United States Supreme Court: 32-Month Development Moratorium Not Automatically a Taking
May 1, 2002
In a departure from the trend in recent Supreme Court land use decisions that have favored property owners, the Supreme Court, in Tahoe-Sierra Preservation Council, Inc. v. Tahoe Regional Planning Agency (No. 00-1167) held that a 32-month development moratorium put in place by the Tahoe-Sierra Preservation Council was not automatically a taking. The 6-3 decision was entered on April 23, 2002. The Supreme Court's holding allows governments to establish construction moratoria long enough to take the time necessary to formulate land use policies and associated development regulations.
The Tahoe Regional Planning Agency is responsible for developing a comprehensive land use plan and a regional water quality plan for the Lake Tahoe area. In the 1980s, the Agency adopted a series of development moratoria, halting development while the Agency formulated its plans. Landowners in the area sued, claiming that the development moratoria constituted a taking of property without just compensation in violation of the Constitution.
The Supreme Court rejected the landowners' argument that any moratorium on development should, automatically, constitute a taking. Instead, the Court held that a temporary development moratorium may be a taking, but that it depends on the specific facts and circumstances of each case. The Court referenced its long line of cases holding that governments must be allowed to regulate landowners to some degree. It also observed that a ruling that outlawed all development moratoria would prevent the kind of thoughtful planning process that land use regulation requires.
The Court held that, based on the facts in this case, no taking occurred. The most important factor appears to have been the undisputed facts that the 32 months required by the Regional Planning Agency to develop its plan was a reasonable time period for the complex issues involved, and that the Agency had not improperly stalled or delayed preparation or implementation of the regional water quality plan. If the Agency had taken longer than necessary to develop its plan, the result might have been different. The Court noted that the interest in a thoughtful planning process was greater because the planning process was for a regional plan, not just for a permit for a single parcel. The Court also observed that state legislatures may adopt limits on the length of time planning agencies may enforce development moratoria.

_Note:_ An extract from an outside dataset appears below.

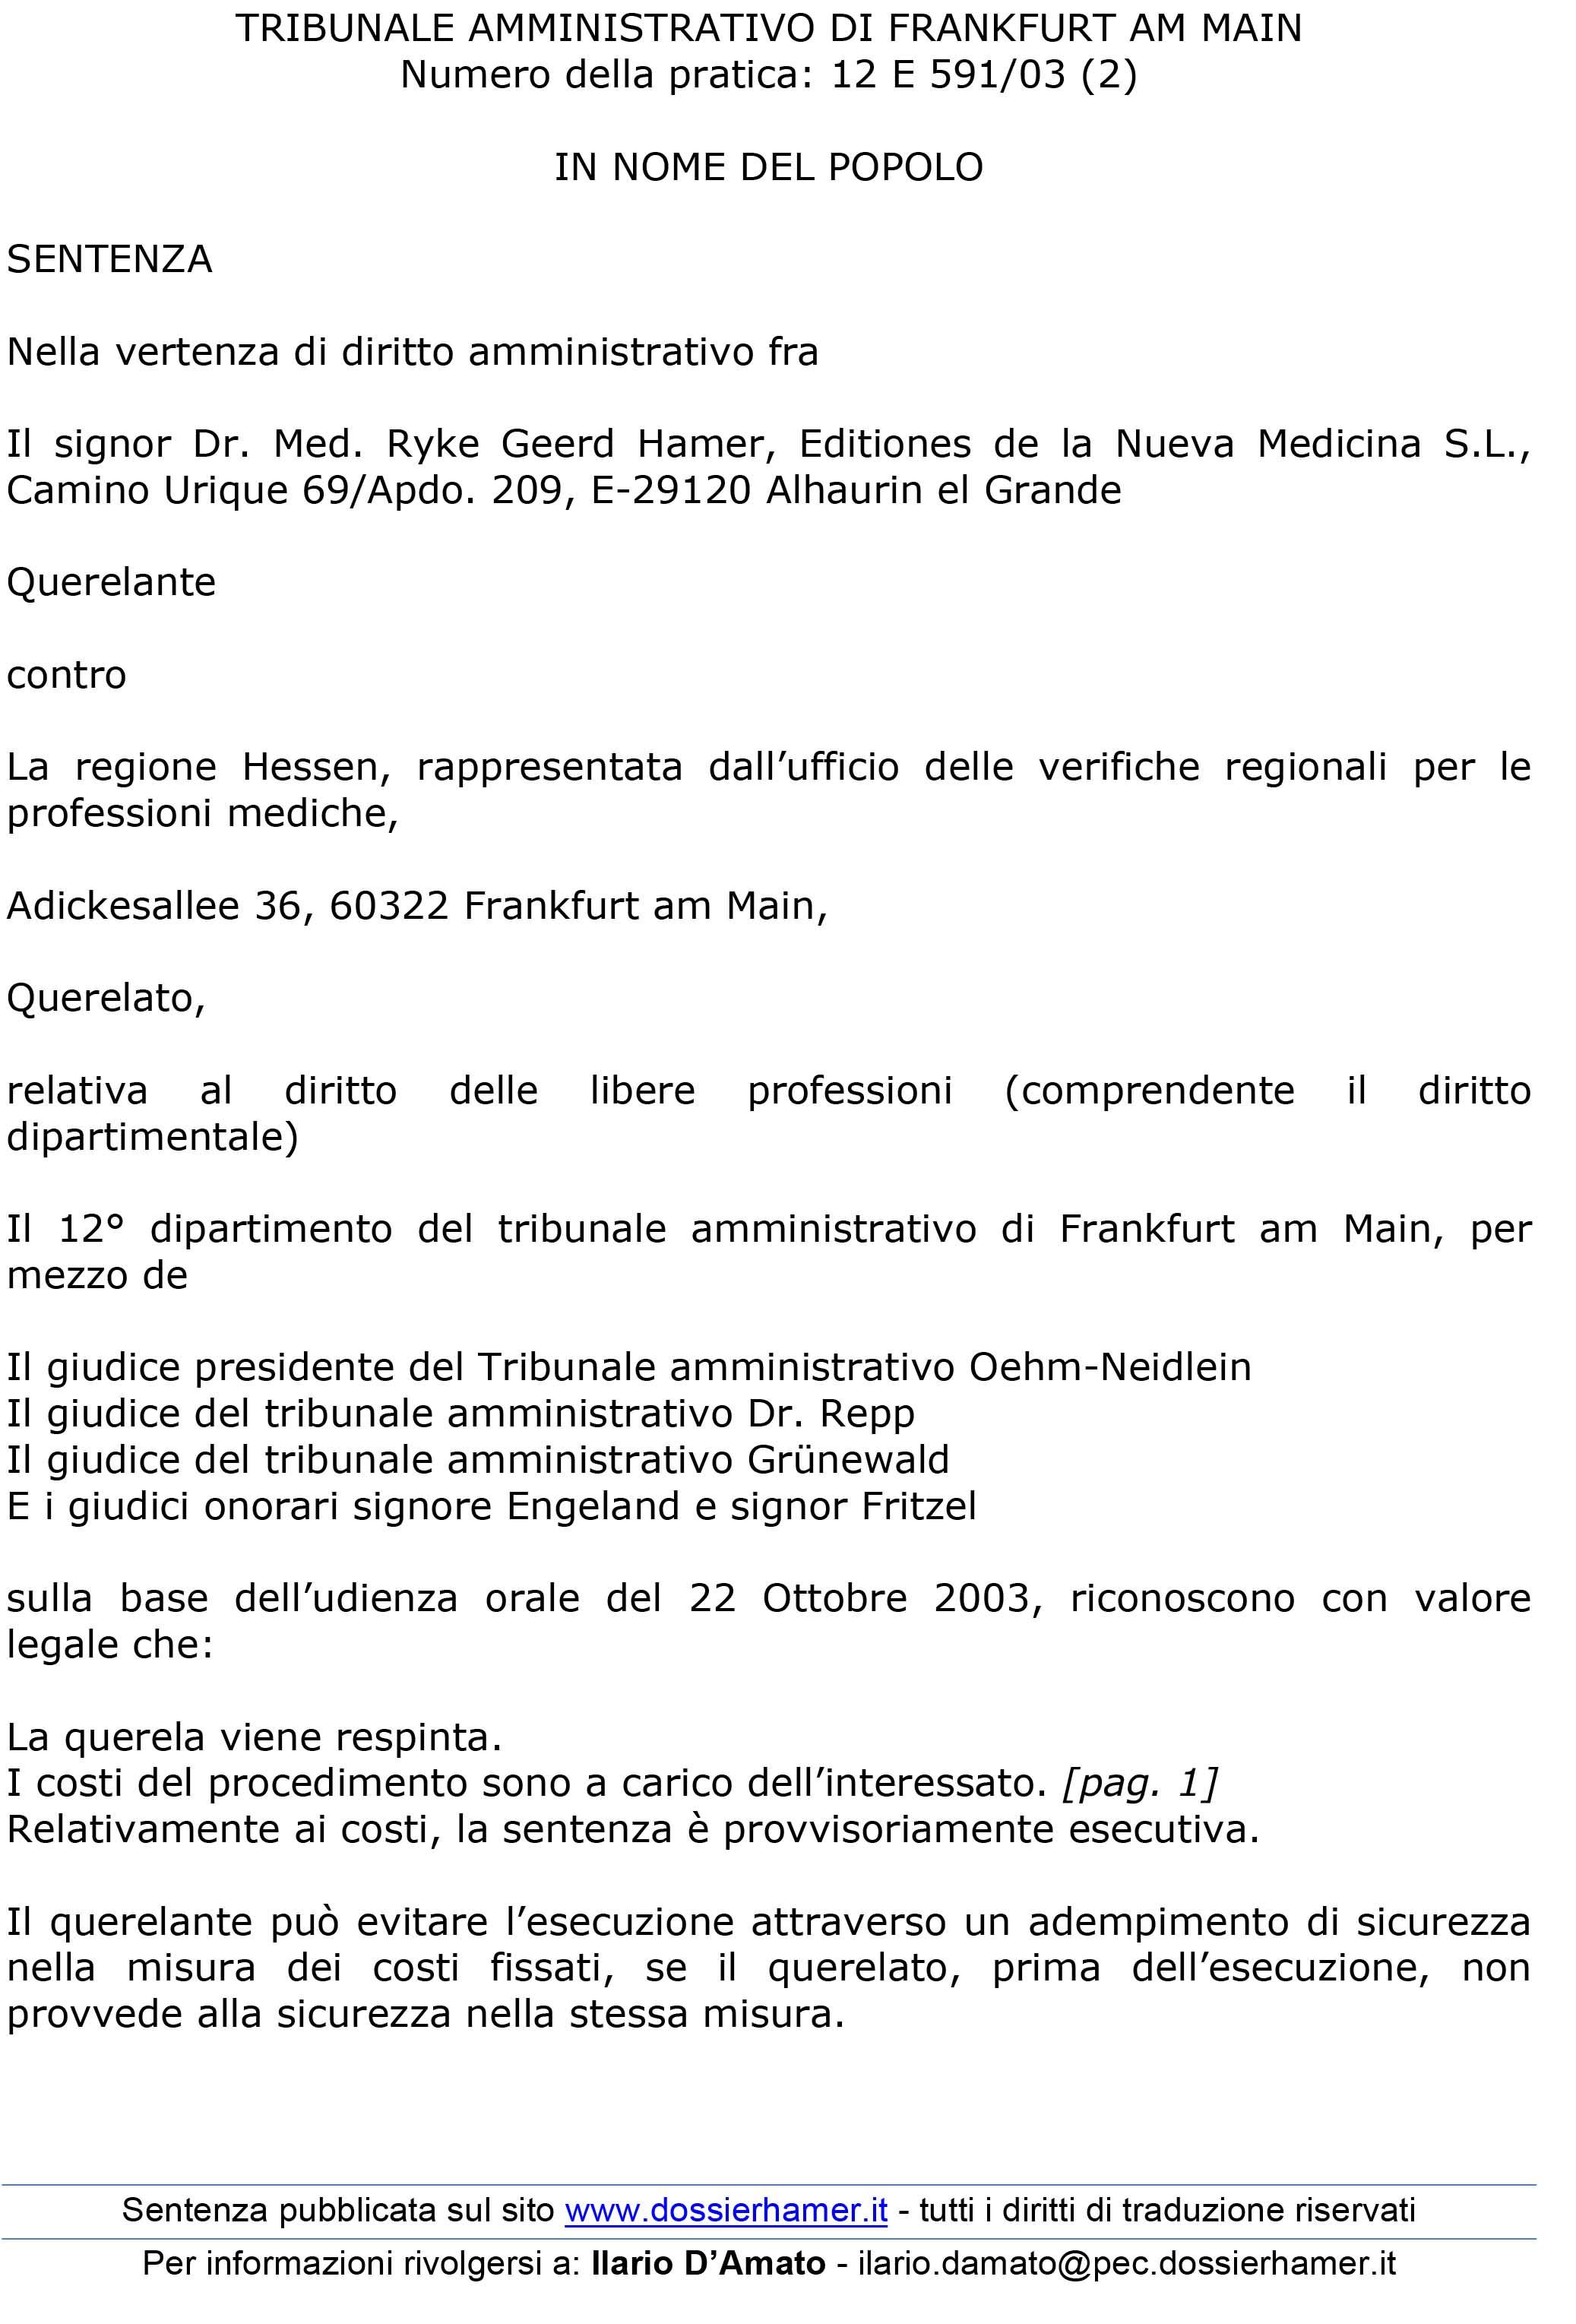 Microsoft Word - Hamer 4.doc

The Supreme Court's decision allows government agencies to implement development moratoria while they consider land use policies and associated development regulations. Governments must be careful about implementing development moratoria, and must use the time to prepare land use policies and associated development regulations. The Court made clear that in some cases development moratoria could be takings, and that takings will occur when development moratoria last longer than reasonably necessary to complete a thorough and thoughtful planning process. However, the Supreme Court's ruling means that governments that act diligently and in good faith to prepare regulations and policies will not be punished for taking the time to do so.
The opinion of the Court in this case was authored by Justice Stevens and joined by five other Justices. Chief Justice Rehnquist authored a dissenting opinion joined by Justice Scalia and Justice Thomas. Justice Thomas also authored a separate dissent joined by Justice Scalia.